First Pass at Extracting Data with Claude

Well to be precise, I had Claude do the above standardizations. I prompted Claude:

Can you make me a graph that looks kinda like this but with the results of a bunch of studies overlaid in one graph, not just this one? The studies are all of digital PT or PT interventions and tracking patients’ outcomes (usually pain/disability/function scores) over time during the intervention or control. So it seems plausible to overlay a bunch in one graph. Let’s start with all the studies in this review: https://www.jmir.org/2020/6/e15617/.

Notes: (1) some of the studies already made a results figure like this (e.g. the example is from Allen et al. 2018). some didn’t (e.g. Irvine et al: https://www.jmir.org/2015/1/e1/). But the numbers are there in the Irvine study, so you can make a graph from those. (2) it’d be nice to visually distinguish the lines by treatment/control, the type of intervention, and maybe the severity of injury/pain in the population being studied.

Please either generate the graph or write some R code to do so

Claude churned for 5 minutes and produced a 450-line R script and a beautiful (non-R?) figure:

I was ecstatic! Claude had extracted a bunch of results, treatment categories, and time points, and written all the rescaling and figure code. Most importantly, the figure looked great!

I decided to check the data for one of the studies just to be sure, and found… the numbers were slightly off–3.3 vs 3.5, 3.1 vs. 3.3. I found that odd and checked another. Way off this time. I checked one more and found that Claude had made up a timepoint.

A bit annoyed, I showed the discrepancies to Claude and asked it to verify all the data it had extracted. It churned for a few minutes and said that it couldn’t access the full study texts for almost all the papers, and so it could not verify the vast majority of the data. How did Claude come up with the numbers at all then? Claude said it had hallucinated.

A Second Pass and Answer

I got all the study PDFs and asked Claude Code to read the PDFs and do the tedious work of verifying all 19 studies. I watched in wonder as Claude spun up six agents in parallel, each one ingesting a full paper for a few minutes and then printing statements like, “4.9 should be 4.7; see Table 3.” After 10 minutes, Claude was done, and spit out its assessment for each study. It claimed that the extracted data for 17 of the 19 studies were wrong, and stated its corrections.

I crossed my fingers and looked at the first study to be corrected. I found that, in fact, the correction was exactly correct this time. I checked another study; it was also exactly correct. After checking a few more, I breathed relief and trusted the extraction.
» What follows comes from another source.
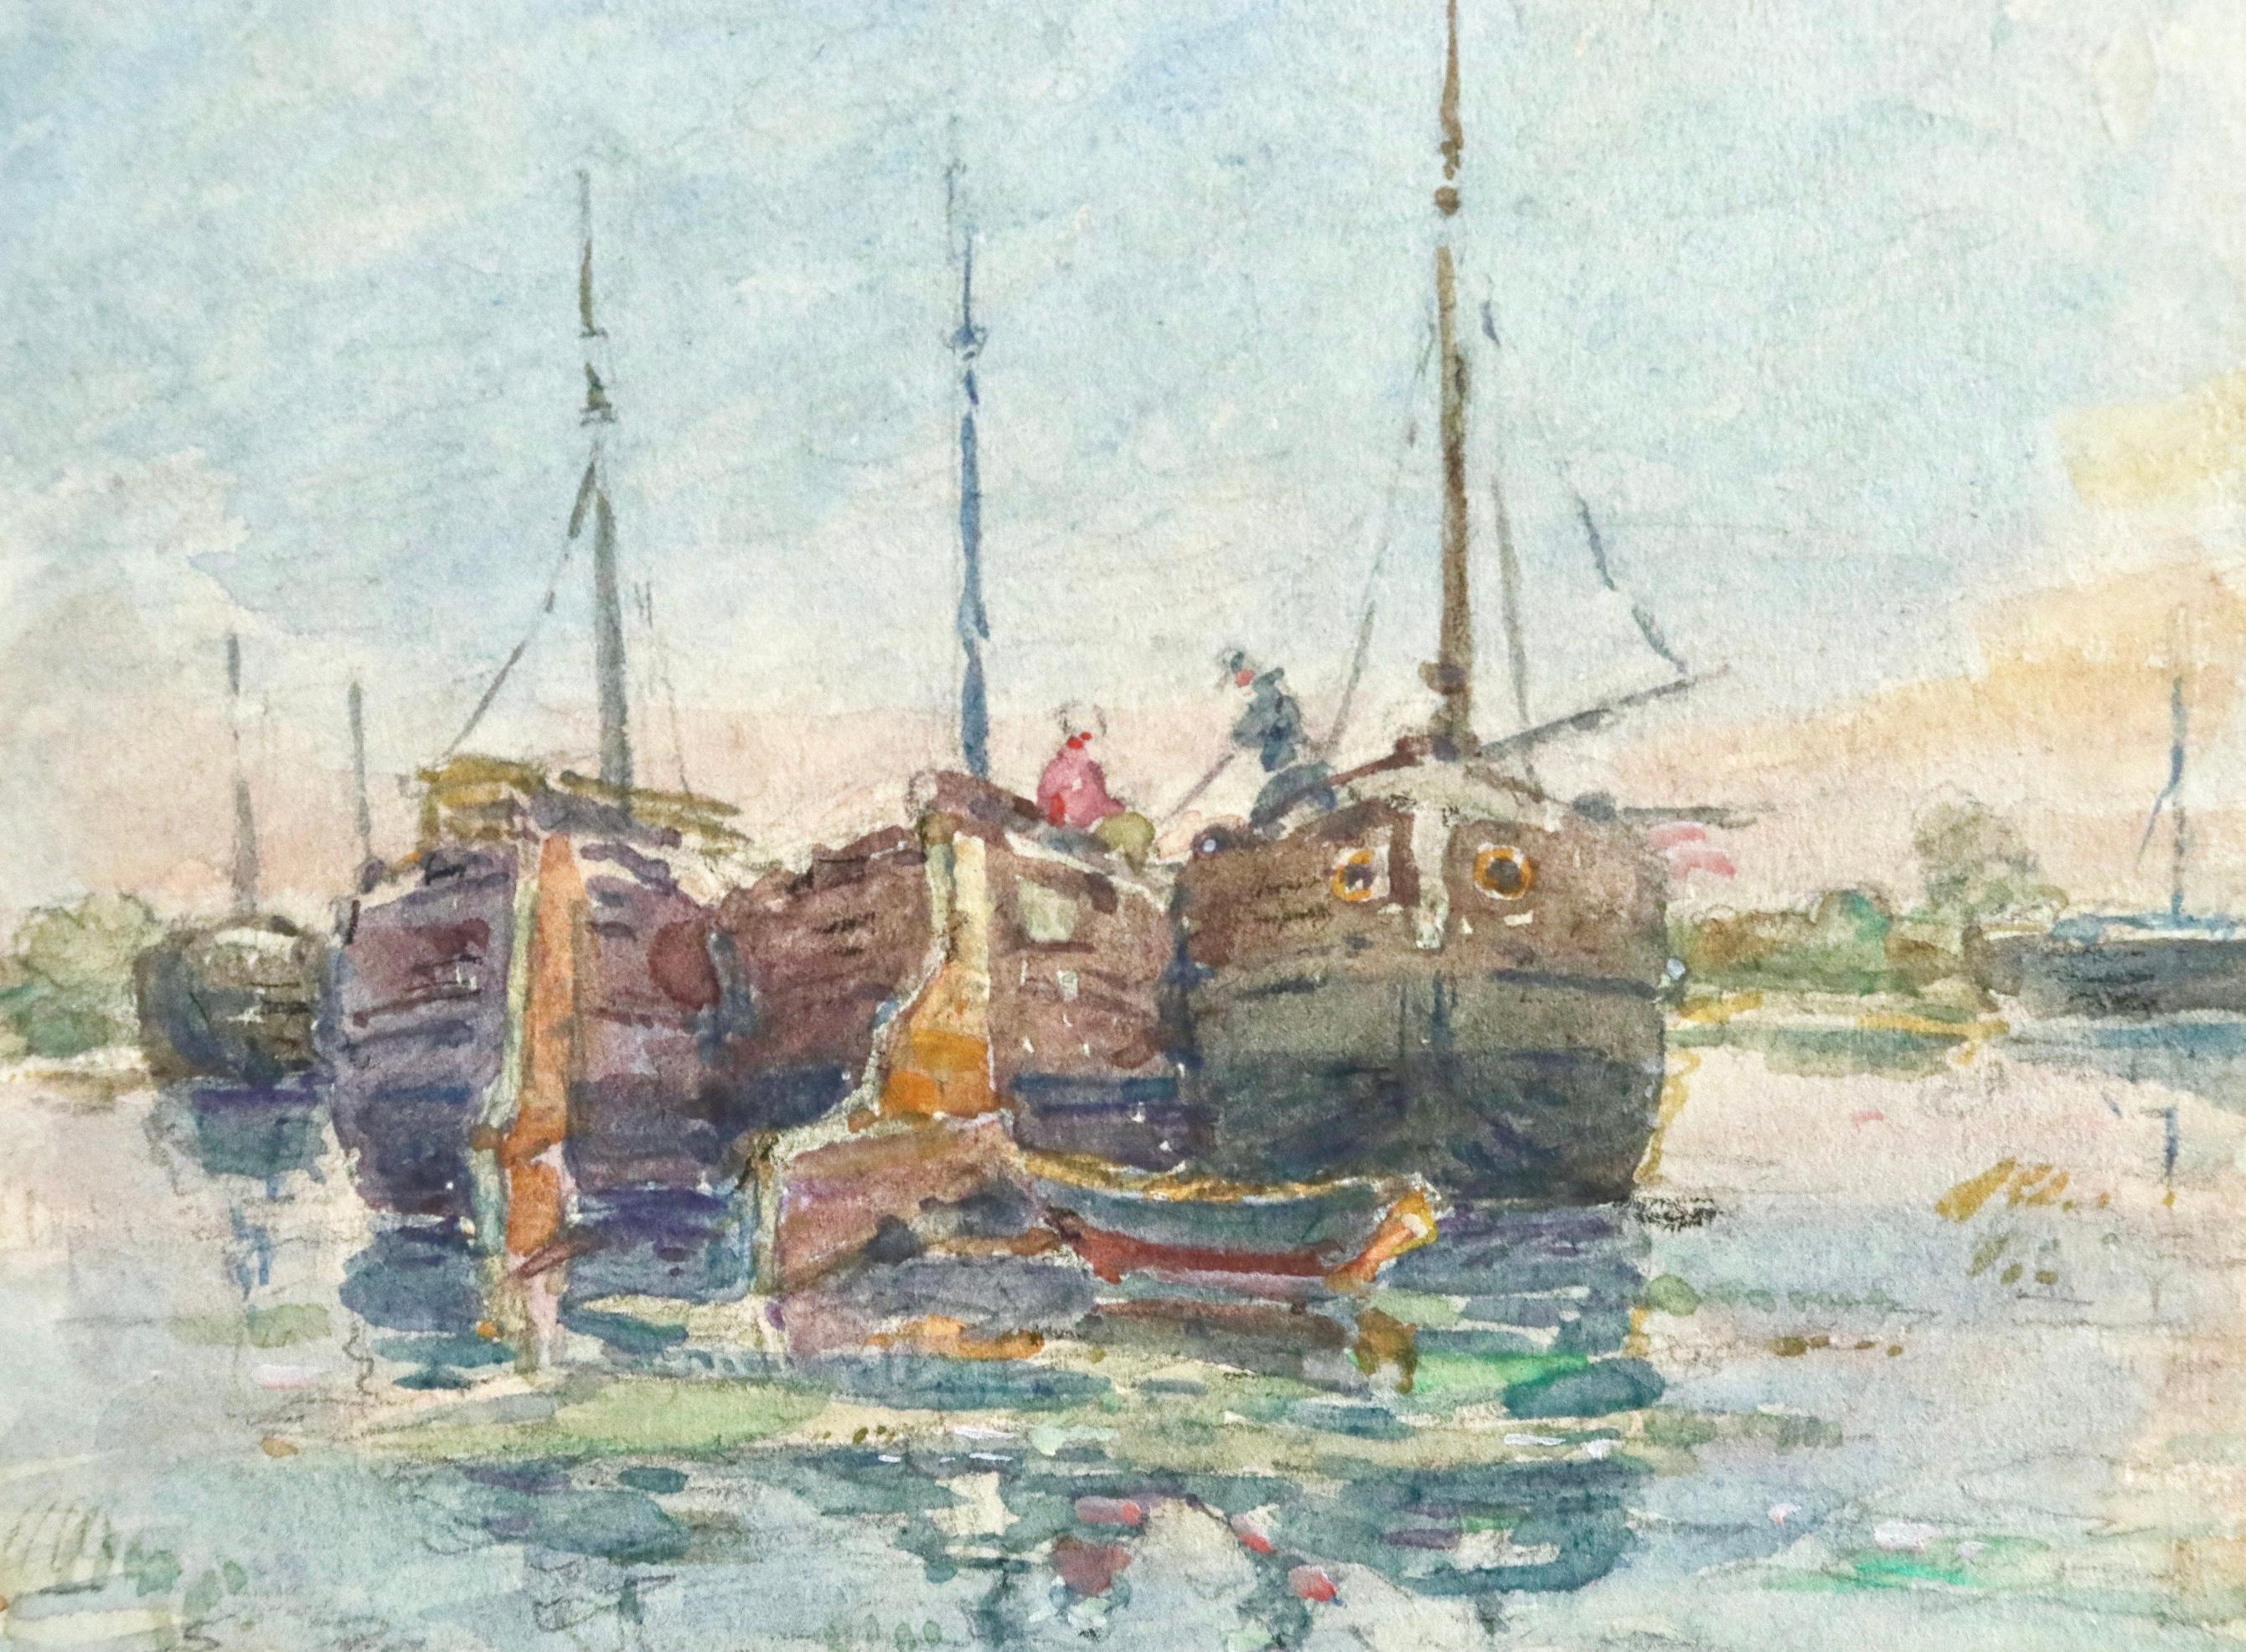 Sur les Bateaux - 19th Century Watercolor, Boats on River Landscape by H Duhem - Impressionist Painting by Henri Duhem

Despite the bumpy ride, Claude had saved me hours of tedious extraction and plotting work. And we had a nice visual answer to our question about PT effectiveness. In addition to the figure at the top, I also overlaid all the studies:

My summary of these graphs: on average, “recovery” seems to amount to 0-25% reductions in pain, takes months, and involves both components of natural healing and some improvement from PT.

One Last Mystery

One last thing bothered me: some of the numbers from Claude’s first pass had been very close! How did Claude do that if it hallucinated without access to the papers? After looking at Claude’s chain of thought, here’s my guess: when Claude was close, it used data from the review paper supplement (which stated some of the individual study results) and fudged the numbers slightly for some reason; when Claude wasn’t close, it just imputed plausible numbers/measures from other studies.

I think the figures could still be improved with error bars and sample sizes, and I worry about an occasional error in one of the extractions. But I generally trust the answers I’ve stated above.